A vice-presidente da Ordem dos Psicólogos, Renata Benavente, entende que uma pessoa pode levar tempo a aperceber-se que foi vítima de um evento potencialmente traumático, numa referência ao "caso Rubiales".
Esta quarta-feira, circulou nas redes sociais um vídeo onde a jogadora Jenni Hermoso surge, horas depois da conquista do Mundial de Futebol feminino, a comentar, no autocarro da seleção feminina espanhola, o momento do beijo com o presidente da Real Federação Espanhola de Futebol (RFEF), Luis Rubiales.
Nas imagens, a atleta está aparentemente sorridente e tranquila, enquanto comenta o momento que se tornou internacionalmente polémico. Chega mesmo a comparar a situação com o beijo entre Iker Casillas e Sara Carbonero, que na altura namoravam.
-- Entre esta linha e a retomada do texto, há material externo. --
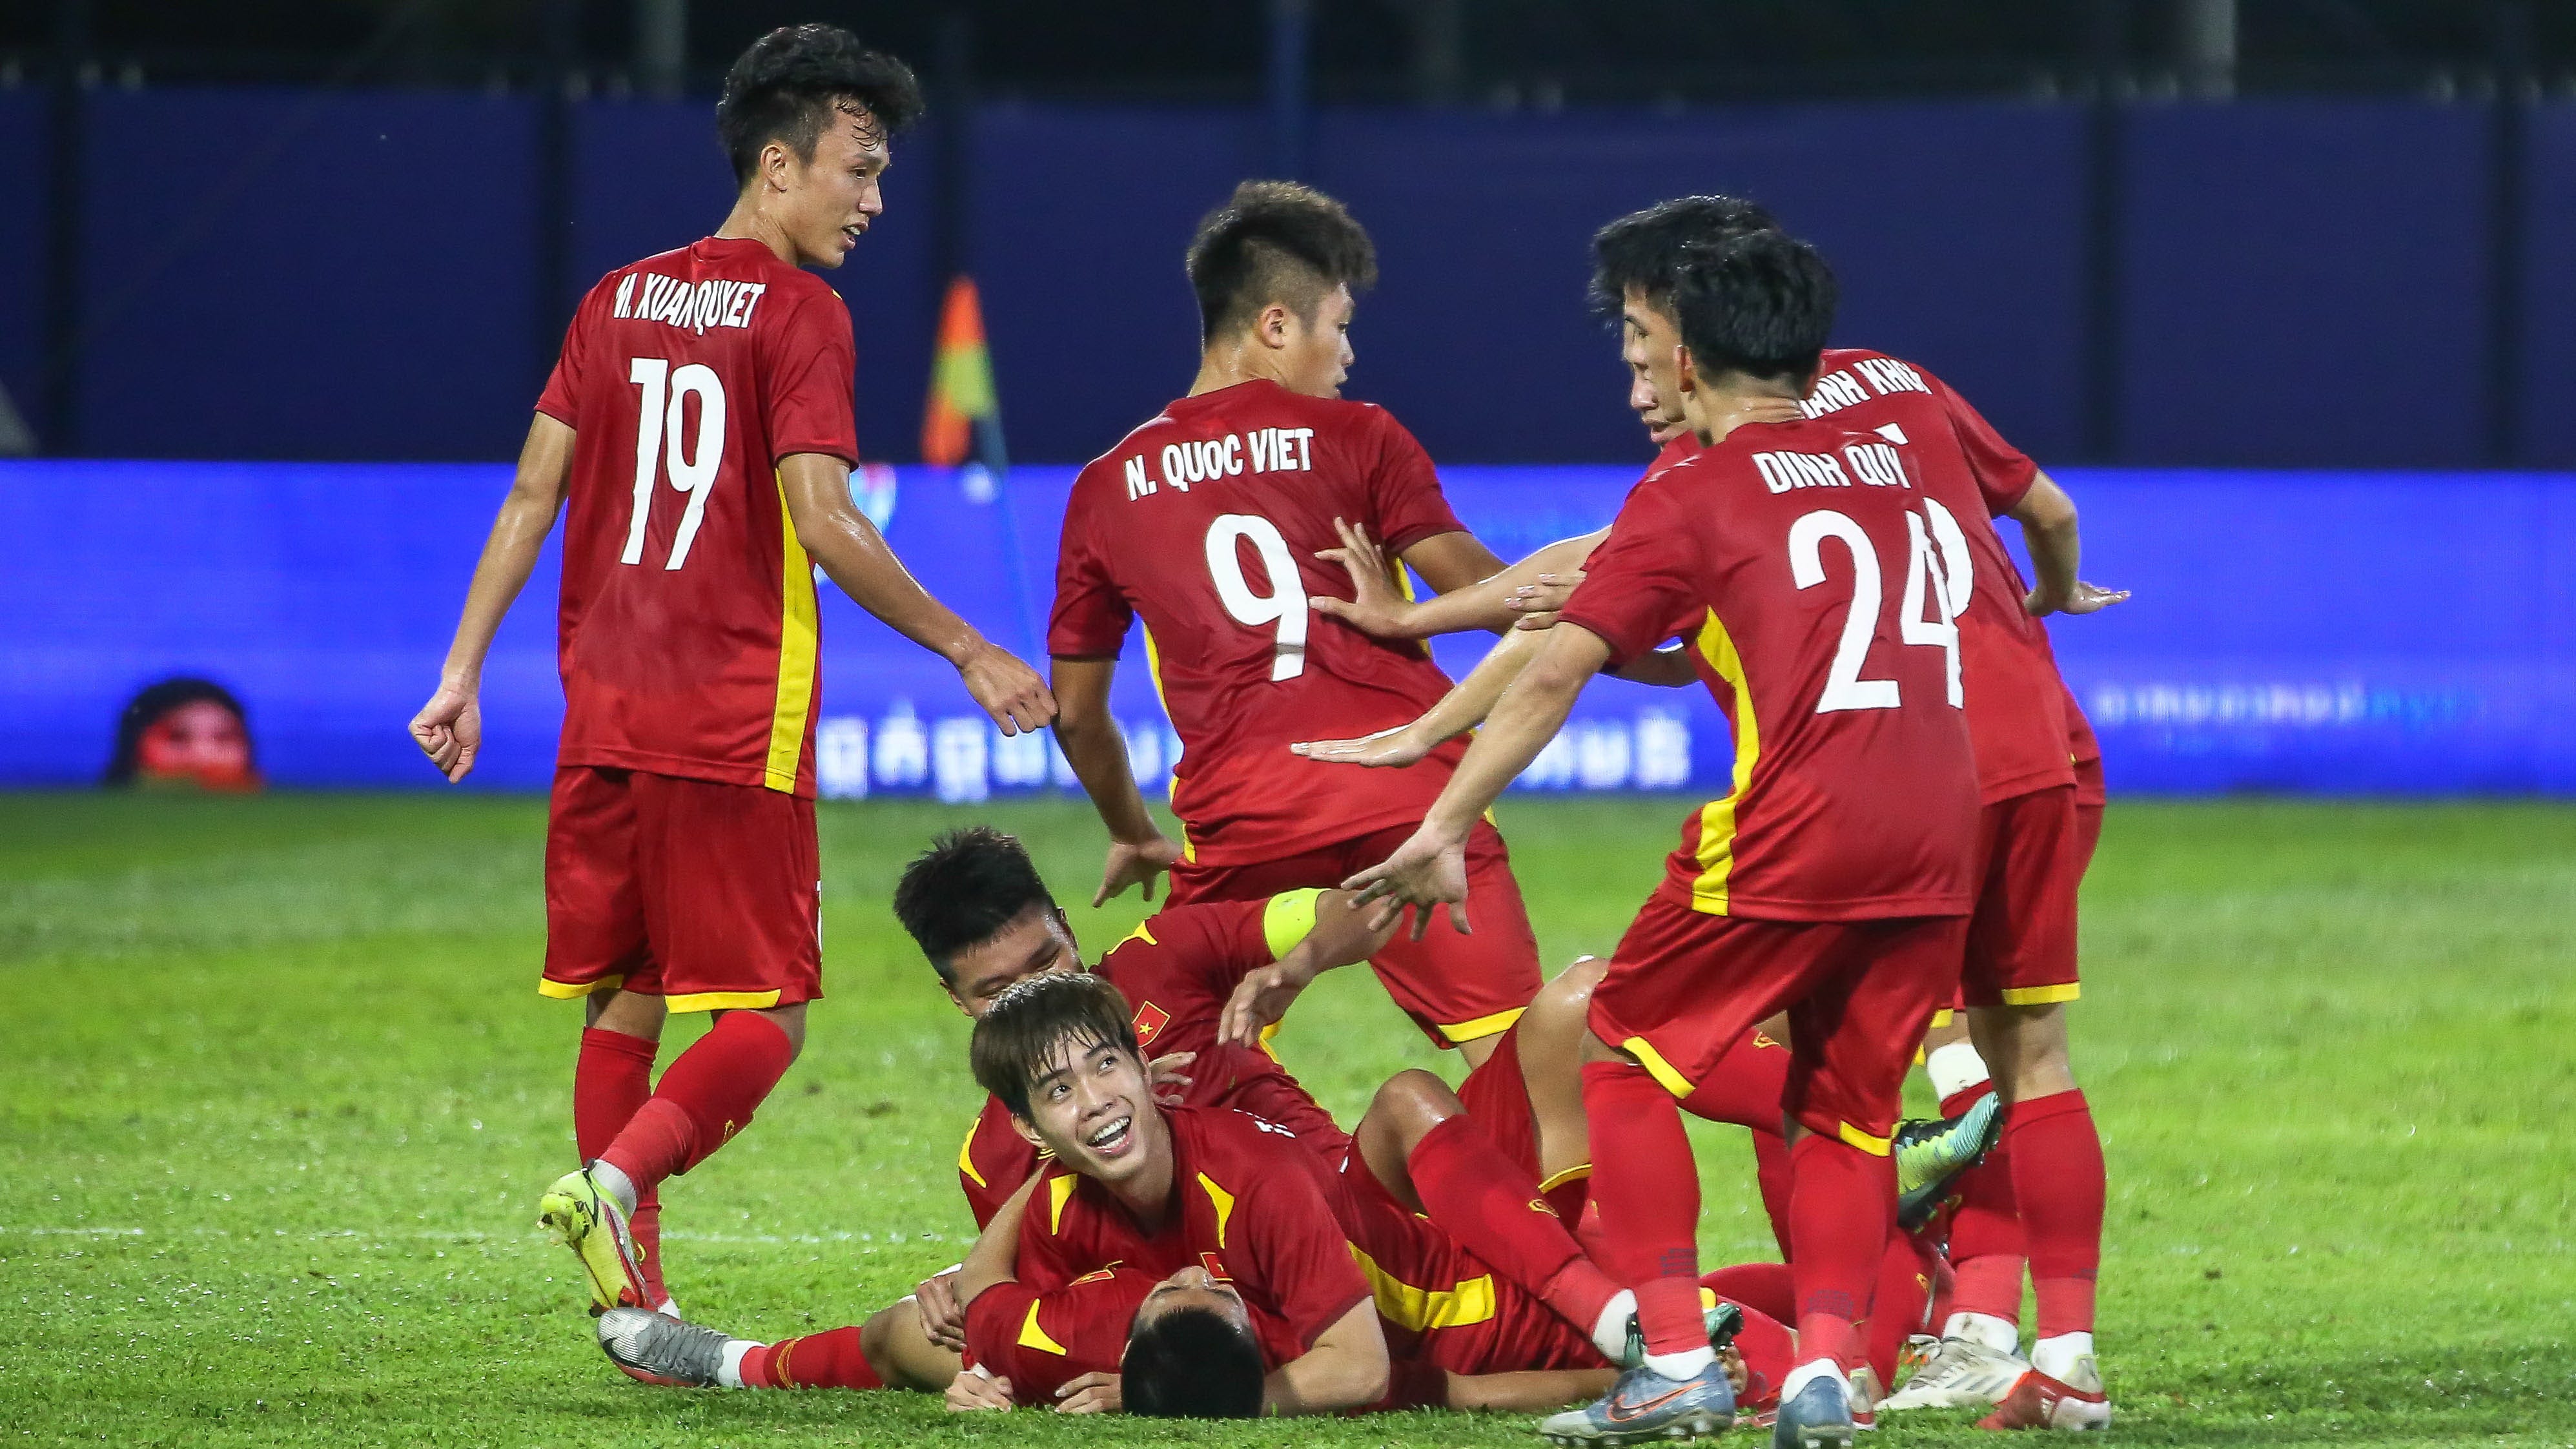 Nguyen Trung Thanh U23 Vietnam U23 Thai Lan 2022 AFF U23 Championship

A divulgação do vídeo gerou inúmeros comentários nas redes sociais, que criticam o facto de a jogadora ter denunciado que o beijo não foi consentido.
Em declarações à Renascença, a vice-presidente da Ordem dos Psicólogos Renata Benavente, alerta que um momento de euforia pode sobrepôr-se à situação negativa associada, enquadrando Jenni Hermoso num quadro generalizado de vítimas de agressão sexual.
"As vítimas, num primeiro momento, e isto até pode prolongar-se no tempo - é muito variável de pessoa para pessoa -, podem não ter esta capacidade refletir sobre a experiência como tendo sido uma prática abusiva", explica.
A psicóloga acrescenta que há vários fatores que impactam a capacidade de uma vítima de abuso sexual adquirir consciência de que é um momento indesejado e devem agir, como "as características individuais, como os fatores de personalidade, mas também o contexto em que as experiências ocorrem. Se é um contexto de alegria extrema, de uma celebração importante no contexto da família. Essa emoção positiva pode sobrepôr-se à componente negativa associada ao abuso".
Para Renata Benavente, a própria mente pode, nos dias seguintes, resistir a impulsos de denúncia relacionados com a posição hierárquica ou de poder do alegado agressor.
"Pode haver receio na cabeça da vítima, embora possa não existir uma ameaça concreta verbalizada ou agida. Mas, pode haver na cabeça da vítima este receio e, nestas situações em que há relação afetiva com o abusador ou dependência hierárquica, ou diferenciação de poder, isso é muito comum", remata.